▸ **DATA EXTRACT**
################

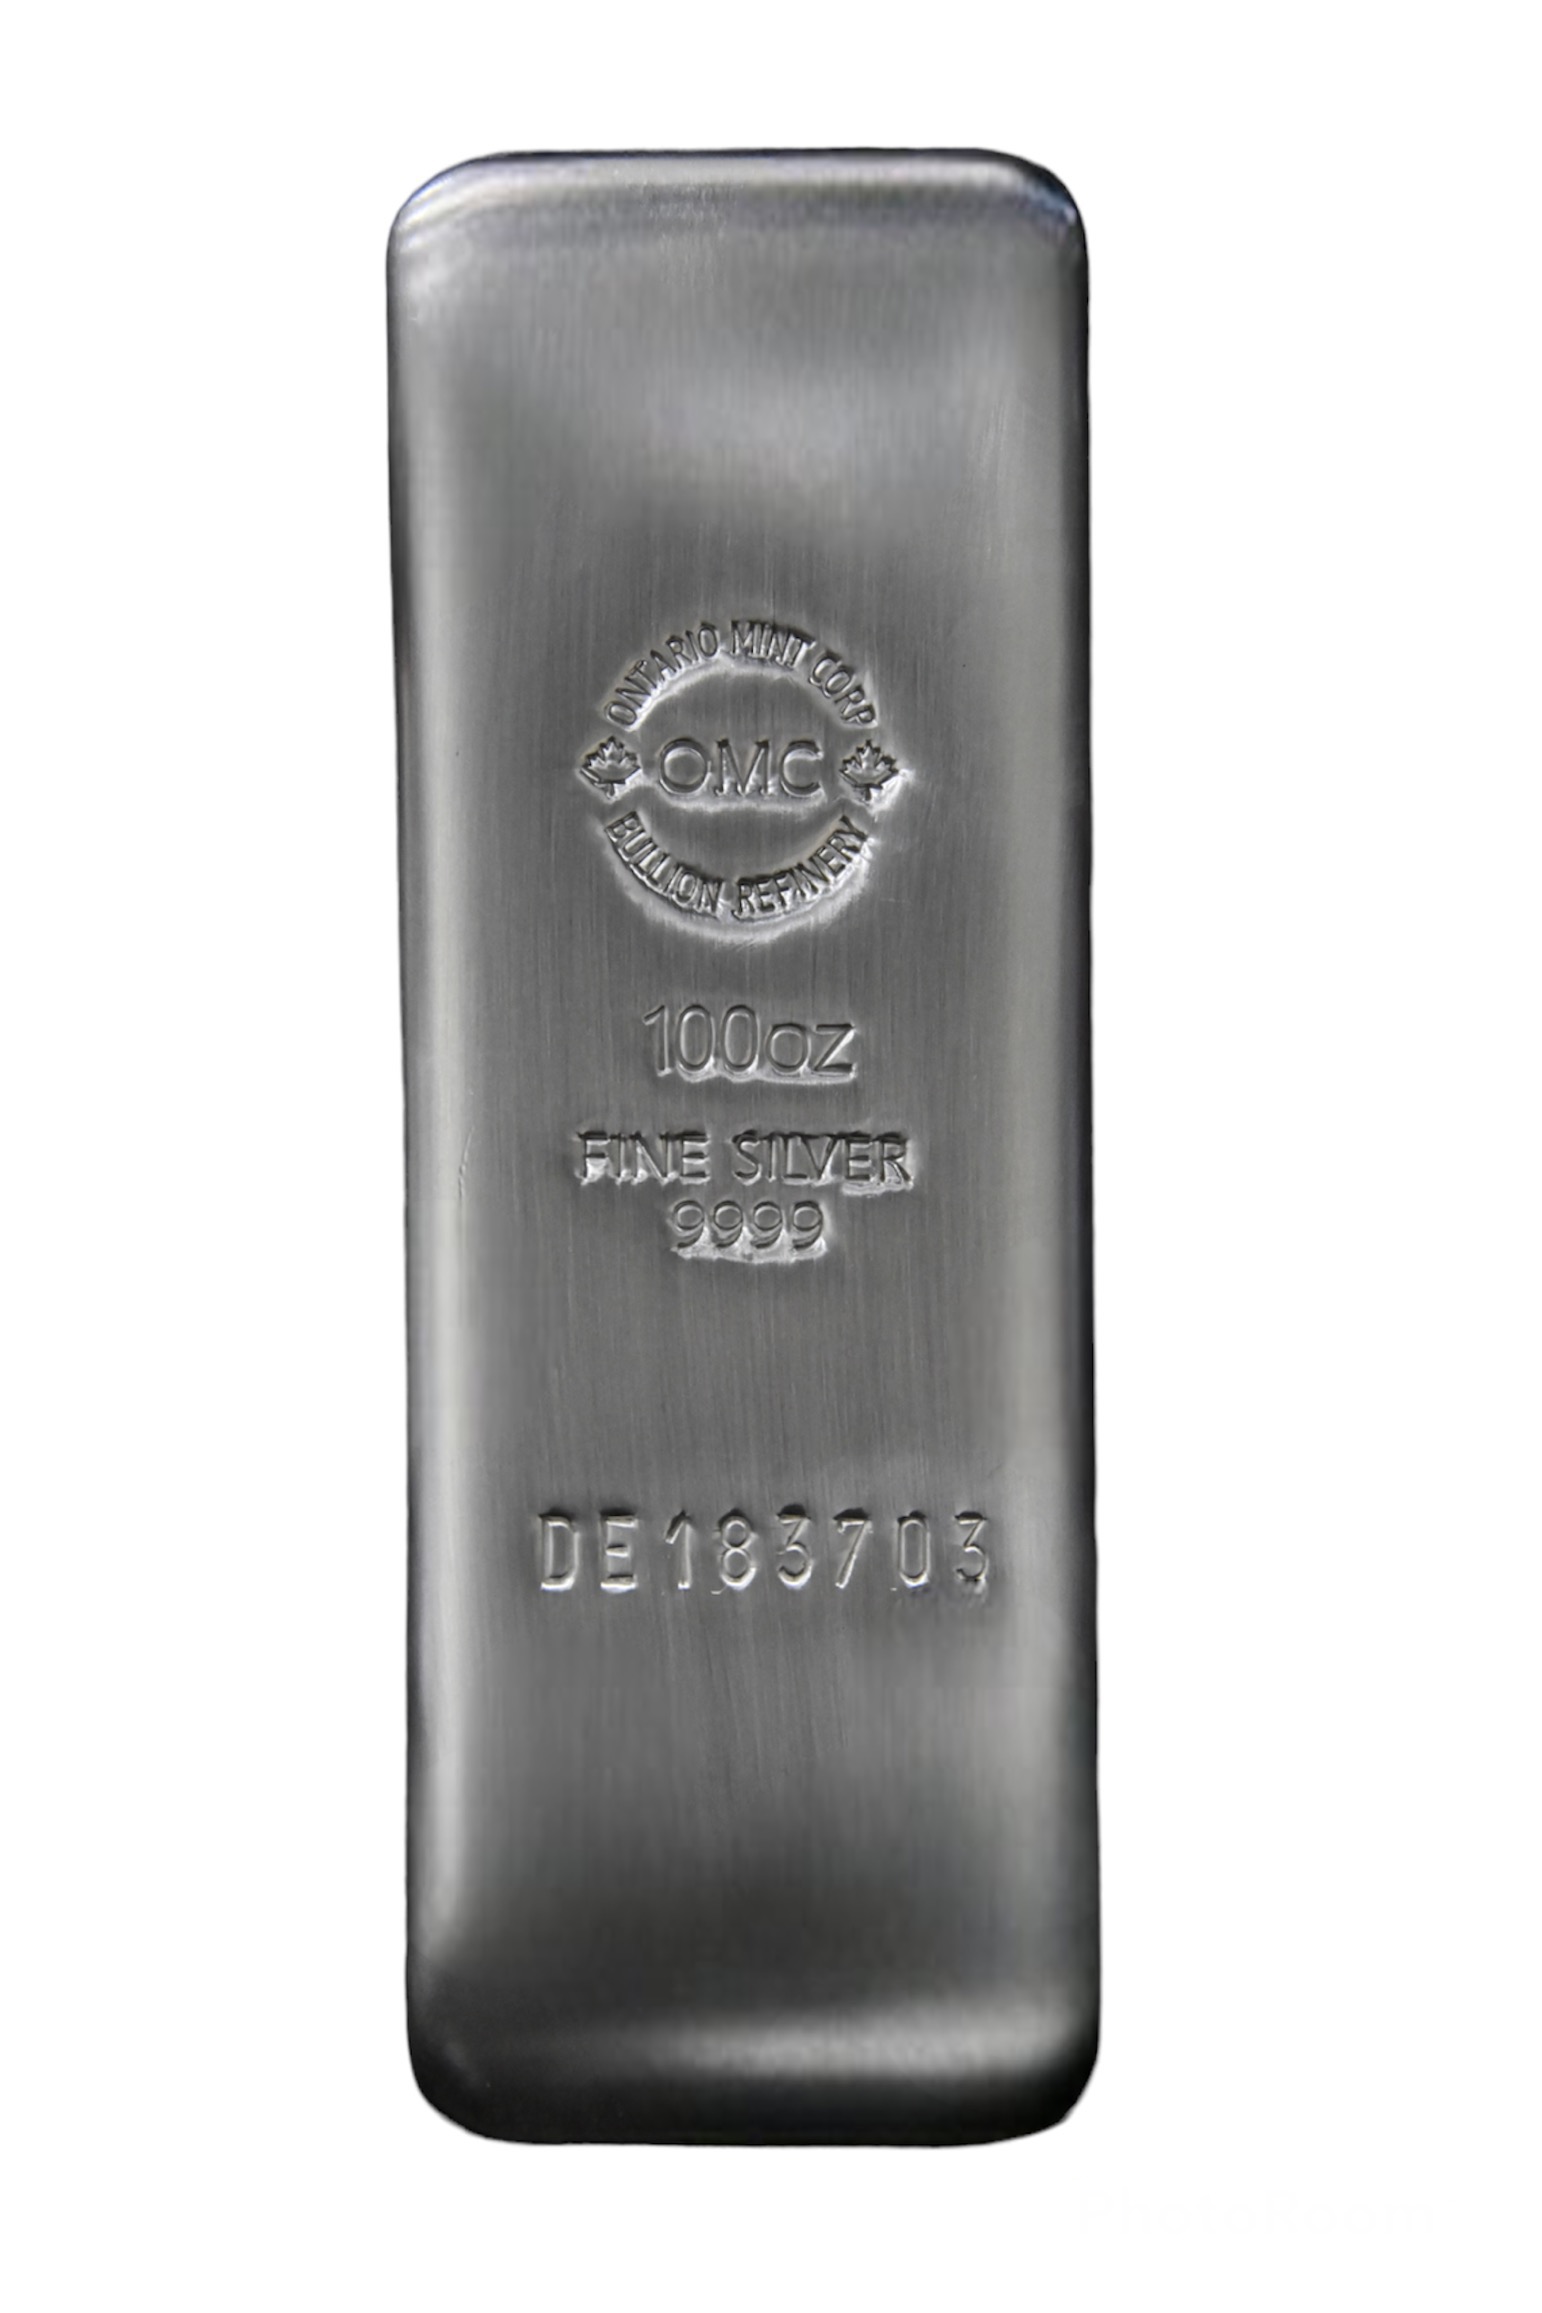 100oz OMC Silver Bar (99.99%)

################

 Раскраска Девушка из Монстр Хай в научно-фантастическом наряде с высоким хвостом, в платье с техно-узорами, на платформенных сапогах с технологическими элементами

################

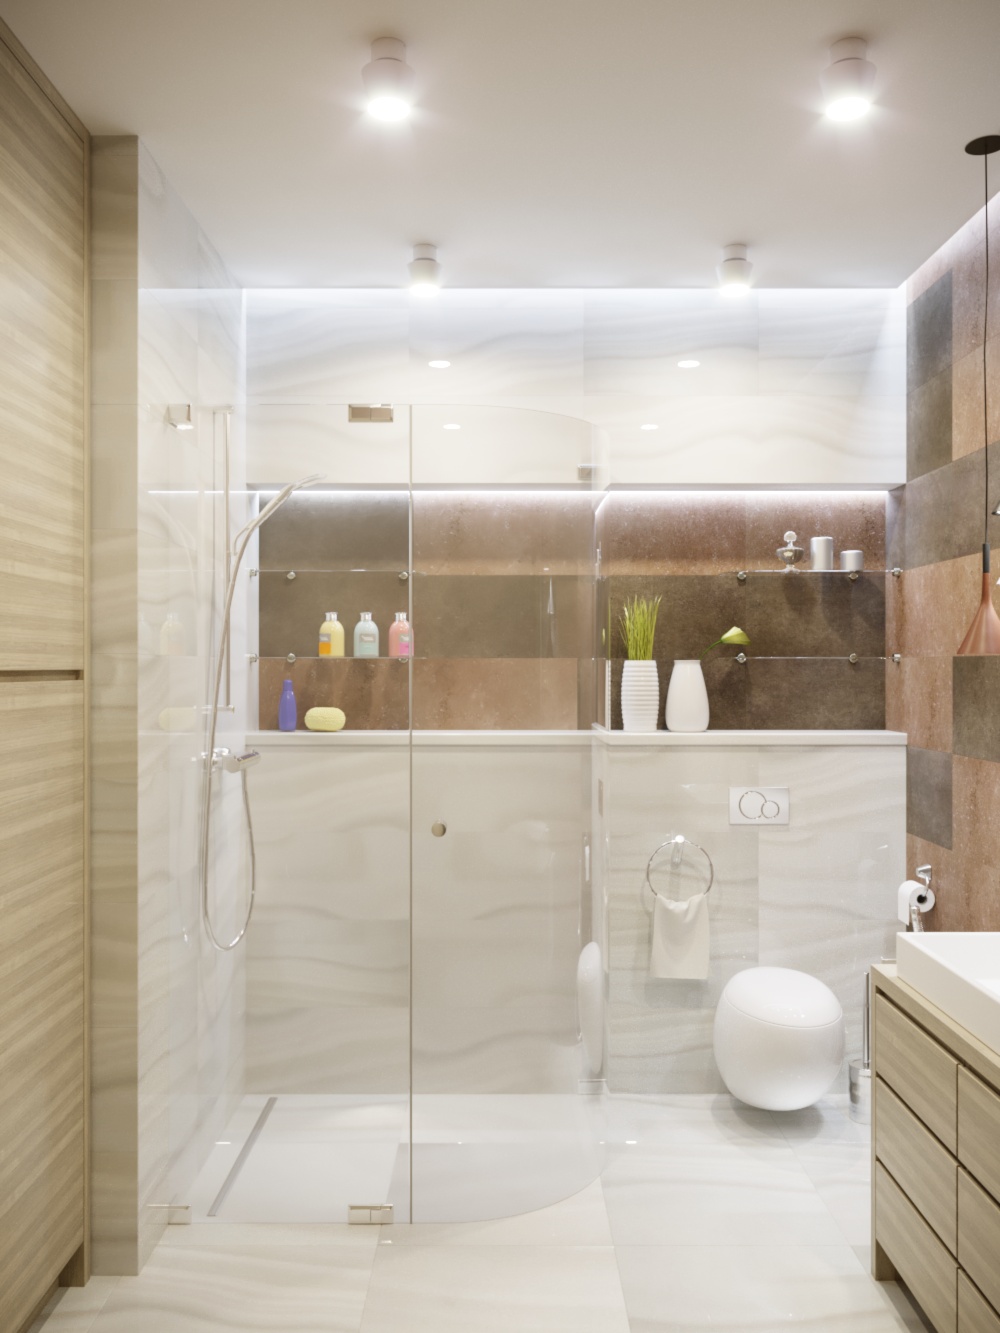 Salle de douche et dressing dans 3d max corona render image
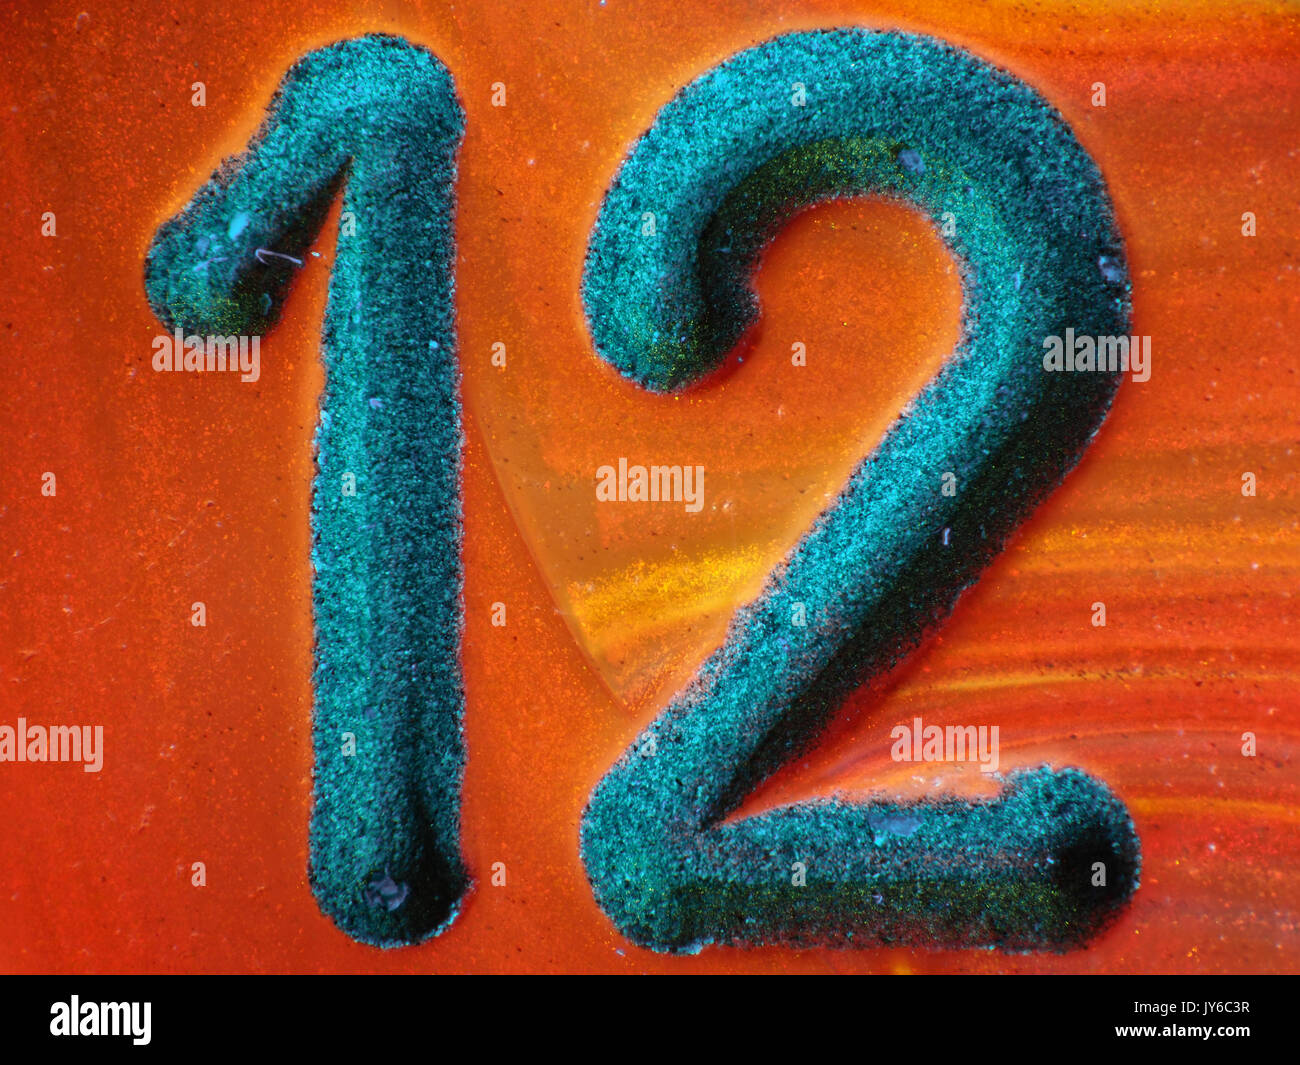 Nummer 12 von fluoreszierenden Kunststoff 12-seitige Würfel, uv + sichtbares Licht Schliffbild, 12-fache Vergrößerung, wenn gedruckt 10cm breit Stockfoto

################

▸ **EXERCISE DIRECTIONS**
Copy nothing but the lines above that run from the one with "Salle de douche" to the one with "Nummer 12 von", ends included; pictures stay out.

▸ **RESULT OF THIS EXERCISE**
 Salle de douche et dressing dans 3d max corona render image
 Nummer 12 von fluoreszierenden Kunststoff 12-seitige Würfel, uv + sichtbares Licht Schliffbild, 12-fache Vergrößerung, wenn gedruckt 10cm breit Stockfoto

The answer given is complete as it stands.